Does Eutelsat Communications S.A. (EPA:ETL) Have A Good P/E Ratio?

This article is for investors who would like to improve their understanding of price to earnings ratios (P/E ratios). We'll apply a basic P/E ratio analysis to Eutelsat Communications S.A.'s (EPA:ETL), to help you decide if the stock is worth further research. Looking at earnings over the last twelve months, Eutelsat Communications has a P/E ratio of 6.70. That is equivalent to an earnings yield of about 14.9%.

Check out our latest analysis for Eutelsat Communications

How Do I Calculate A Price To Earnings Ratio?

The formula for price to earnings is:

Price to Earnings Ratio = Price per Share ÷ Earnings per Share (EPS)

Or for Eutelsat Communications:

P/E of 6.70 = €9.526 ÷ €1.422 (Based on the trailing twelve months to December 2019.)

(Note: the above calculation results may not be precise due to rounding.)

Is A High Price-to-Earnings Ratio Good?

A higher P/E ratio means that investors are paying a higher price for each €1 of company earnings. That isn't necessarily good or bad, but a high P/E implies relatively high expectations of what a company can achieve in the future.

Does Eutelsat Communications Have A Relatively High Or Low P/E For Its Industry?

The P/E ratio indicates whether the market has higher or lower expectations of a company. The image below shows that Eutelsat Communications has a lower P/E than the average (8.3) P/E for companies in the media industry.

ENXTPA:ETL Price Estimation Relative to Market April 1st 2020
ENXTPA:ETL Price Estimation Relative to Market April 1st 2020

This suggests that market participants think Eutelsat Communications will underperform other companies in its industry. While current expectations are low, the stock could be undervalued if the situation is better than the market assumes. You should delve deeper. I like to check if company insiders have been buying or selling.

How Growth Rates Impact P/E Ratios

Companies that shrink earnings per share quickly will rapidly decrease the 'E' in the equation. That means unless the share price falls, the P/E will increase in a few years. So while a stock may look cheap based on past earnings, it could be expensive based on future earnings.

Eutelsat Communications increased earnings per share by an impressive 16% over the last twelve months. Unfortunately, earnings per share are down 2.1% a year, over 3 years.

A Limitation: P/E Ratios Ignore Debt and Cash In The Bank

It's important to note that the P/E ratio considers the market capitalization, not the enterprise value. That means it doesn't take debt or cash into account. The exact same company would hypothetically deserve a higher P/E ratio if it had a strong balance sheet, than if it had a weak one with lots of debt, because a cashed up company can spend on growth.
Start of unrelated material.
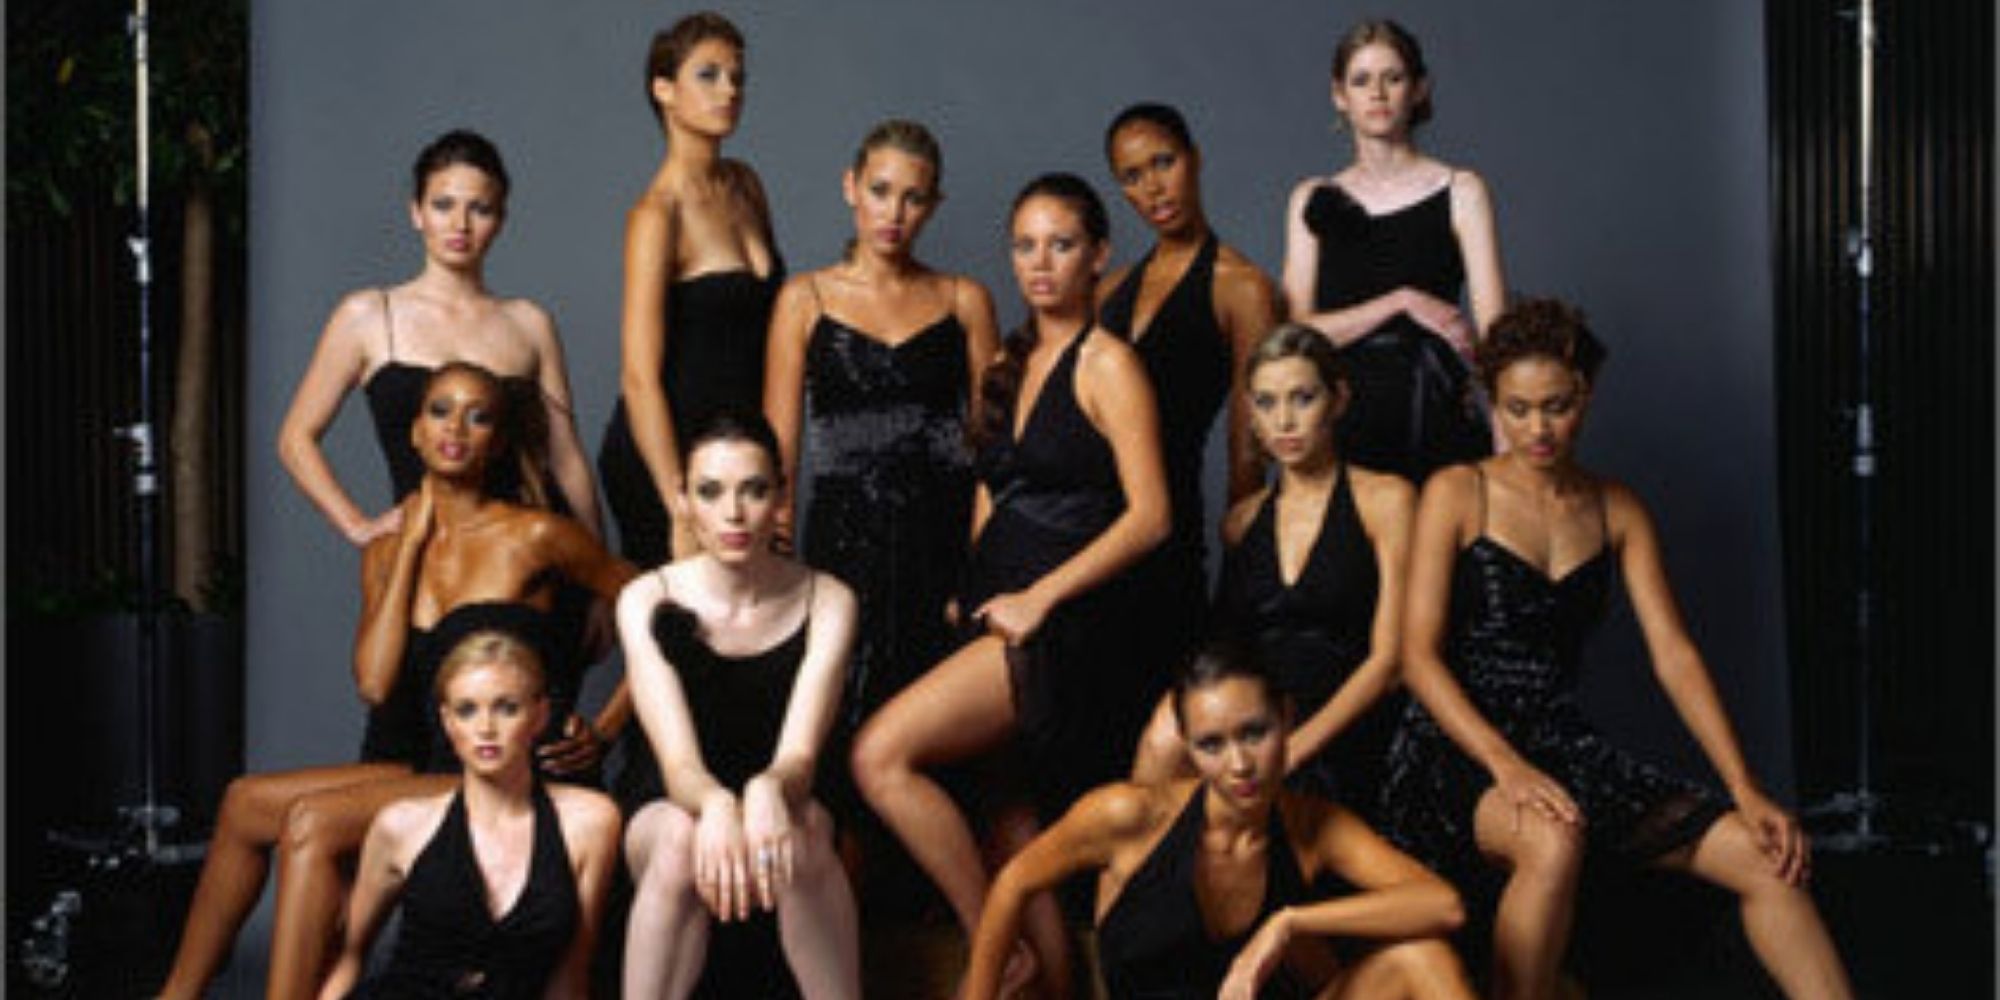 Americas Next Top Model The First 10 Seasons Ranked According To Imdb

Such spending might be good or bad, overall, but the key point here is that you need to look at debt to understand the P/E ratio in context.

So What Does Eutelsat Communications's Balance Sheet Tell Us?

Net debt totals a substantial 116% of Eutelsat Communications's market cap. This level of debt justifies a relatively low P/E, so remain cognizant of the debt, if you're comparing it to other stocks.

The Bottom Line On Eutelsat Communications's P/E Ratio

Eutelsat Communications trades on a P/E ratio of 6.7, which is below the FR market average of 13.2. The company may have significant debt, but EPS growth was good last year. If it continues to grow, then the current low P/E may prove to be unjustified.

When the market is wrong about a stock, it gives savvy investors an opportunity. If the reality for a company is not as bad as the P/E ratio indicates, then the share price should increase as the market realizes this. So this free visual report on analyst forecasts could hold the key to an excellent investment decision.

You might be able to find a better buy than Eutelsat Communications. If you want a selection of possible winners, check out this free list of interesting companies that trade on a P/E below 20 (but have proven they can grow earnings).

If you spot an error that warrants correction, please contact the editor at editorial-team@simplywallst.com. This article by Simply Wall St is general in nature. It does not constitute a recommendation to buy or sell any stock, and does not take account of your objectives, or your financial situation. Simply Wall St has no position in the stocks mentioned.

We aim to bring you long-term focused research analysis driven by fundamental data. Note that our analysis may not factor in the latest price-sensitive company announcements or qualitative material. Thank you for reading.